Le mérite zekhouth, de la racine zakh, "épuré", comme la Torah qui parle de "l'huile d'olive pure", est la récompense de notre effort d'épuration de notre propre nature. Si l'homme se réjouit parce qu'il est allé voir un bon film, il s'est fait plaisir et n'a aucun mérite pour cela ; par contre s'il se réjouit parce qu'Hachem lui demande d'être joyeux, alors cet effort pour accomplir la volonté divine assujettit la nature humaine à l'ordre transcendant. Ainsi une conduite naturelle, et même vitale pour l'homme, est transformée en mitsva.
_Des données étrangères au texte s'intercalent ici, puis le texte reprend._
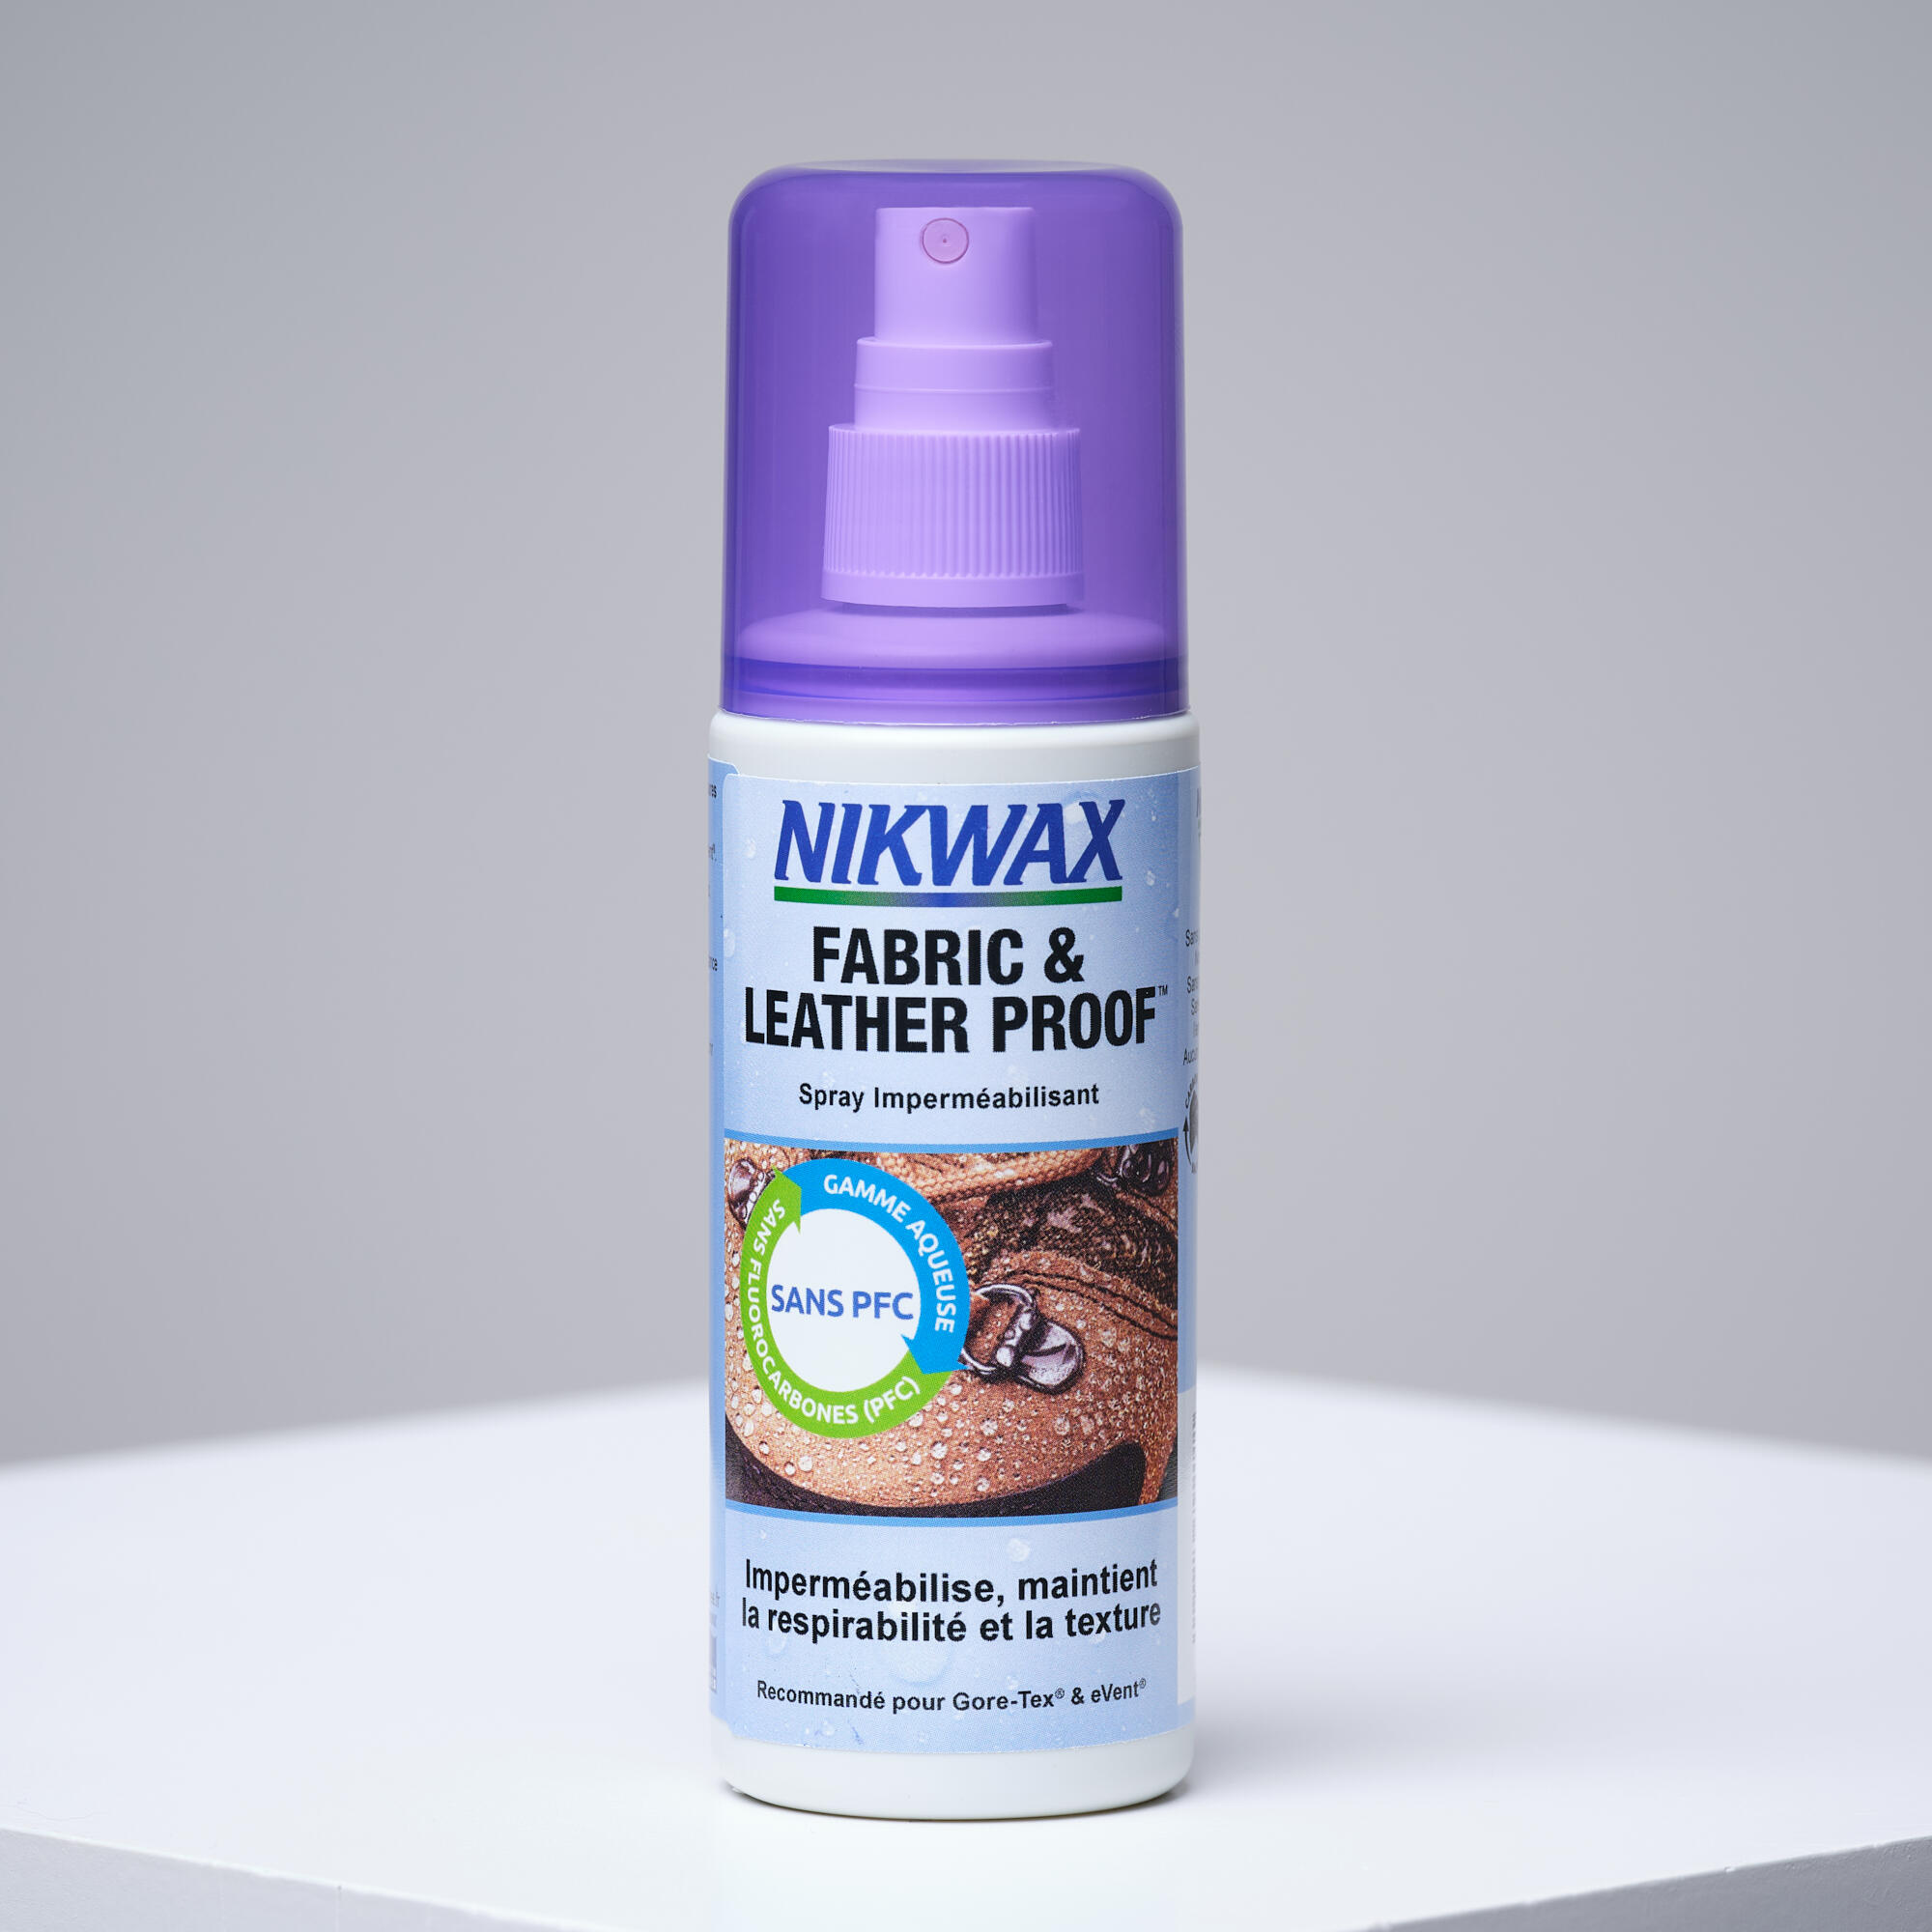 Spray de reimpermeabilizare tratament hidrofob pentru piele și textile Nikwax La Oferta Online decathlon imagine La Oferta Online

Du coup, les pièges de l'exubérance et de la légèreté qui pourraient se révéler par un laisser-aller de la joie, se trouvent circonscrits dans le cadre spécifique de l'accomplissement du commandement, tel est le sens de : "nous sommes certains de ne pas nous écarter des limites du droit chemin". Aaron Halévy reste ici fidèle à l'enseignement de Maïmonide qui ne se démarquera jamais de la voie moyenne.

Bien que la joie passe par la nourriture, les beaux habits, les cadeaux offerts à son épouse et à ses enfants, l'essentiel de la joie du yom tov doit rester l'étude de la Torah, ainsi que nos sages zal nous l'ont enseigné : "Le Chabath et les fêtes n'ont été offerts à Israël qu'afin qu'il s'adonne à l'étude" (Talmud Jérusalem Chabbat, chap. XV).
A l'équilibre du corps doit répondre la joie de l'esprit, par le fait de sortir des contraintes et des soucis quotidiens et d'emplir son âme des délices de l'étude. La joie devient ainsi un véritable service d'Hachem.